First of all, this book reminded me of John Cobb’s prolific work in quite a few ways.  The ability to tackle such a wide variety of key issues with such intellectual intensity is something that Cobb shares with Crockett and Robbins.  With economist Herman Daly, Cobb has written extensively on developing alternative economics in response to the ecological crisis that is informed by a very particular (Whiteheadian) philosophical perspective. I fully expect that Cobb would also be very interested, perhaps even applauding the bold nuclear energy proposal made in chapter 7 of Crockett and Robbins’ book. With biologist Charles Birch, he has written a great deal about the need to rethink science in ways that are nonreductionist as far too much mainstream science tends to be – and of course, this is by way of Whitehead as well. He has collaborated with other philosophers and theologians to develop new ways to think about a truly democratic politics in confrontation with American imperialism and corporate capitalism. He also maintains a deep and respectful conversation with his close friend Thomas J. Altizer, the theological grandfather of the current resurgence of Radical Theology who essentially put Death of God theology on the map decades ago. In his own way, Cobb calls for a secularizing theology from his perspective as a process theologian that is primarily concerned with material existence in this world – a notion that certainly resonates with Radical Theology.  In fact, I believe that all of Cobb's work that I just listed would resonate to a great extent with Crockett and Robbins' New Materialism.

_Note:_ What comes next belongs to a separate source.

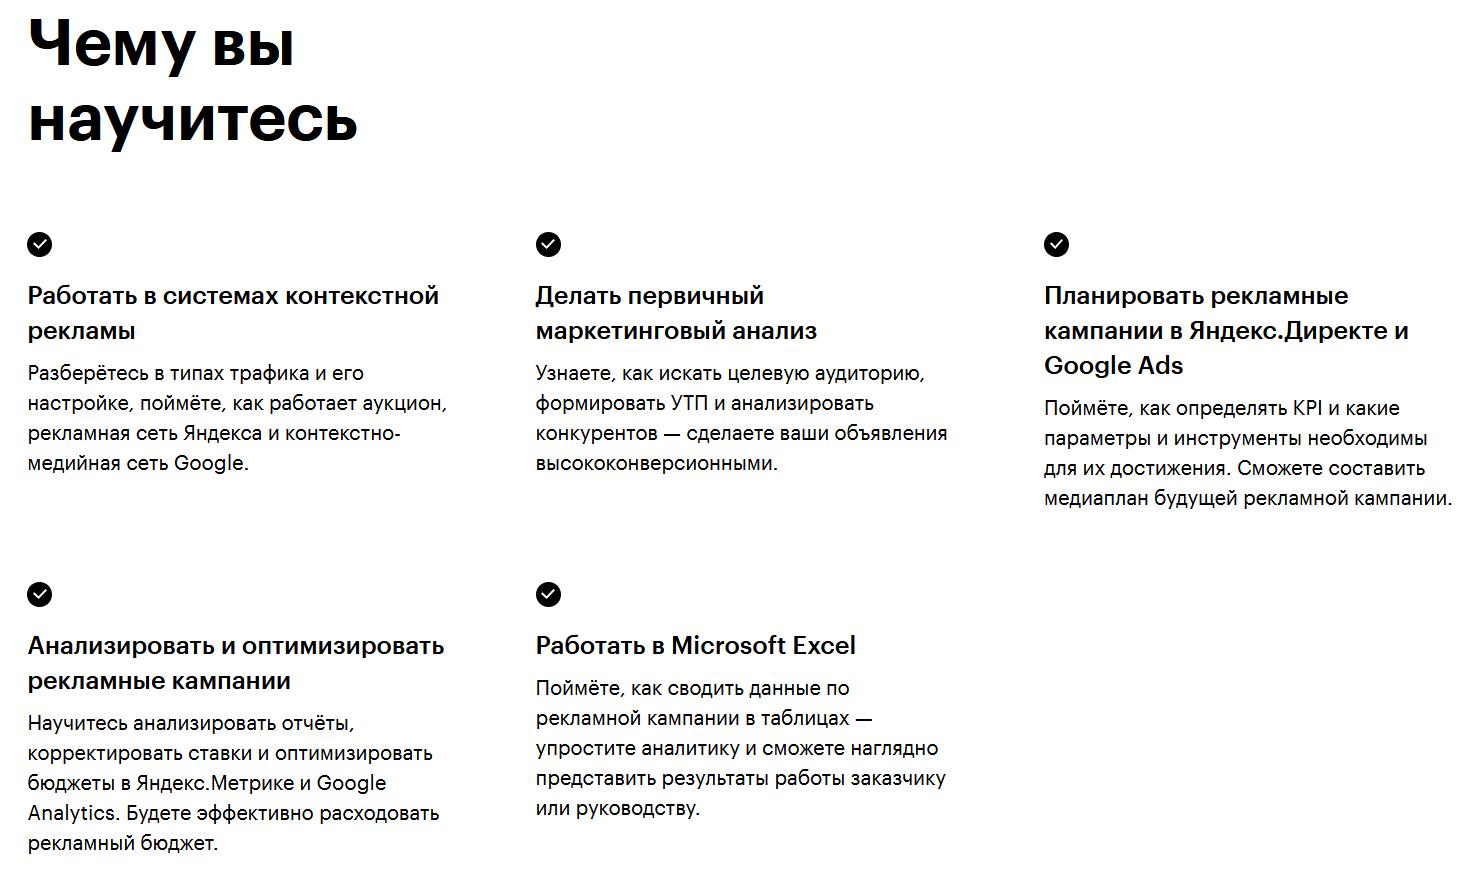 онлайн курс по яндекс директ
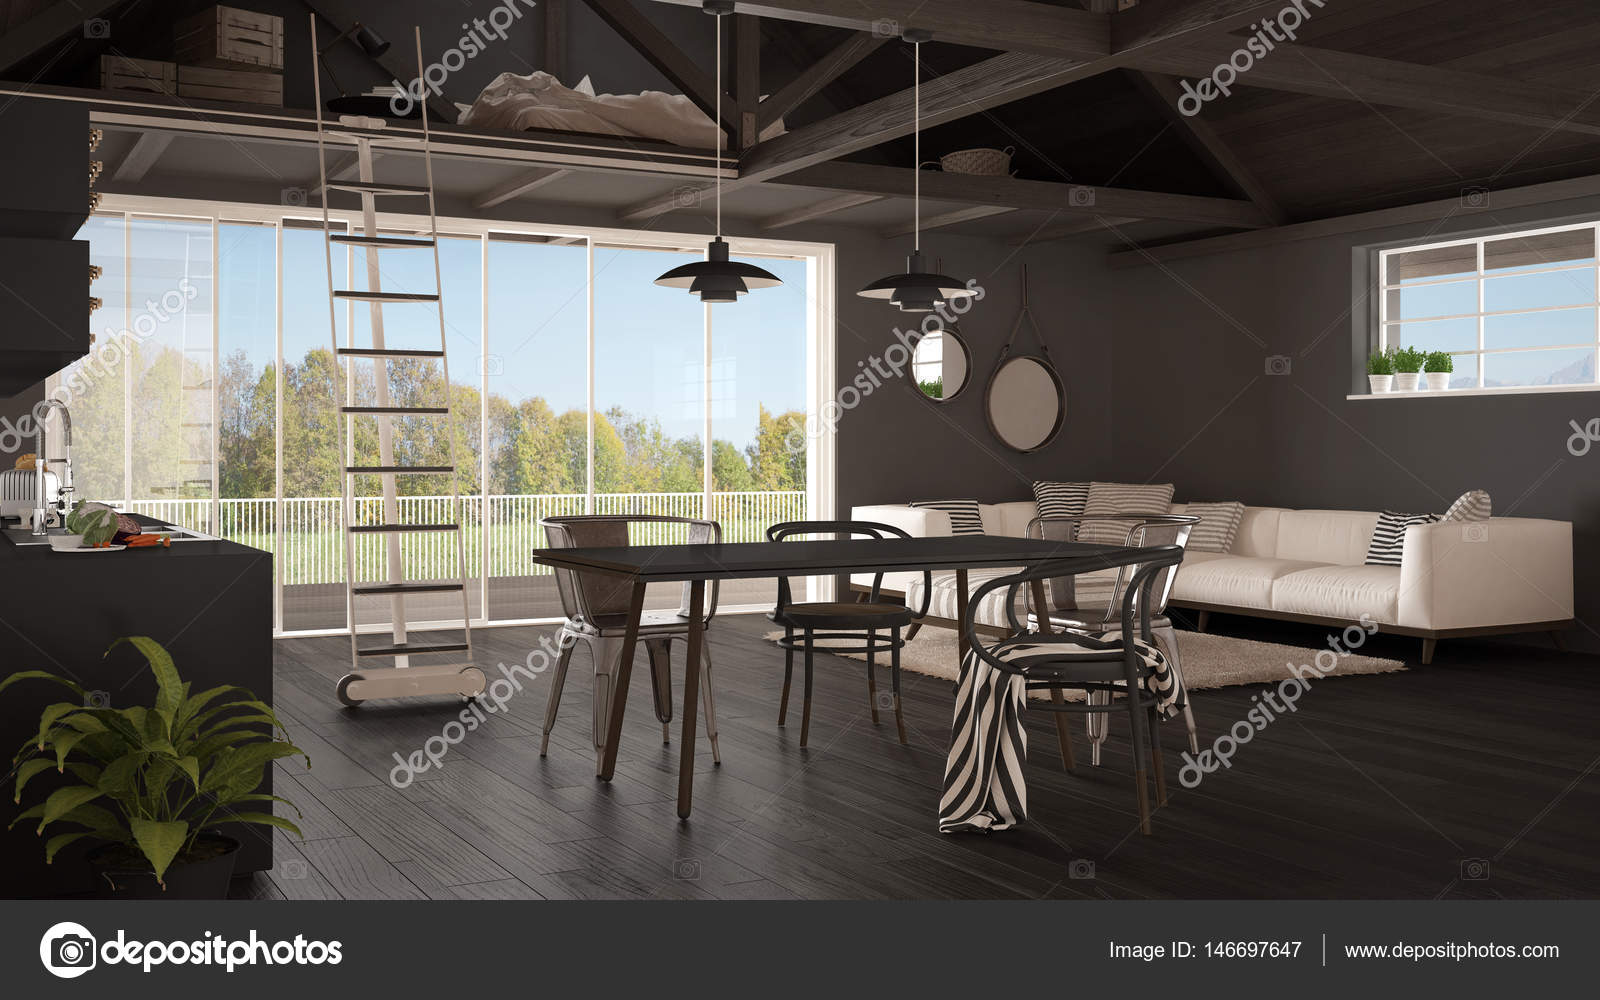 Minimalistische mezzanine dachboden küche wohn und schlafzimmer

To get a little more specific, it seems to me that Cobb’s Whiteheadian-process metaphysics has a number of interesting connections to the New Materialist ontology developed in chapter 8 of Crockett and Robbins’ book, which is informed by Hegel and Deleuze. Like process theologians, their ontology is nondualistic (118), nonreductionist, pluralistic (though not atomistic), and emergentist (119). And like Whitehead, they see matter as “not really matter at all but matter-energy” (xx).  Cobb regularly explains process metaphysics in almost identical terms to illustrate Whitehead’s central notion of actual occasions, which are more like energy - thus moving away from more static notions of matter or substance. Crockett and Robbins again sound very much like Whitehead when they write, “…we can approach an understanding of being as an irreducible multiplicity that is nevertheless not atomist…Being is the becoming or evolution of space and time and takes the form of energy” (114). And again in the following similar quote: “…spacetime is nothing but an evolving system of relationships” (116). They also join Whiteheadians in their concern to bring philosophy into closer contact with the natural sciences (118) and by rejecting a sharp line between living and nonliving, organic and inorganic things (119). Finally, Crockett and Robbins agree with Whiteheadians in their perspective on thinking/minds/consciousness as “an emergent property” that cannot be subjected to either a traditional dualism or hardcore reductionism (132).  These are not insignificant points of connection between the New Materialism and Process Theology!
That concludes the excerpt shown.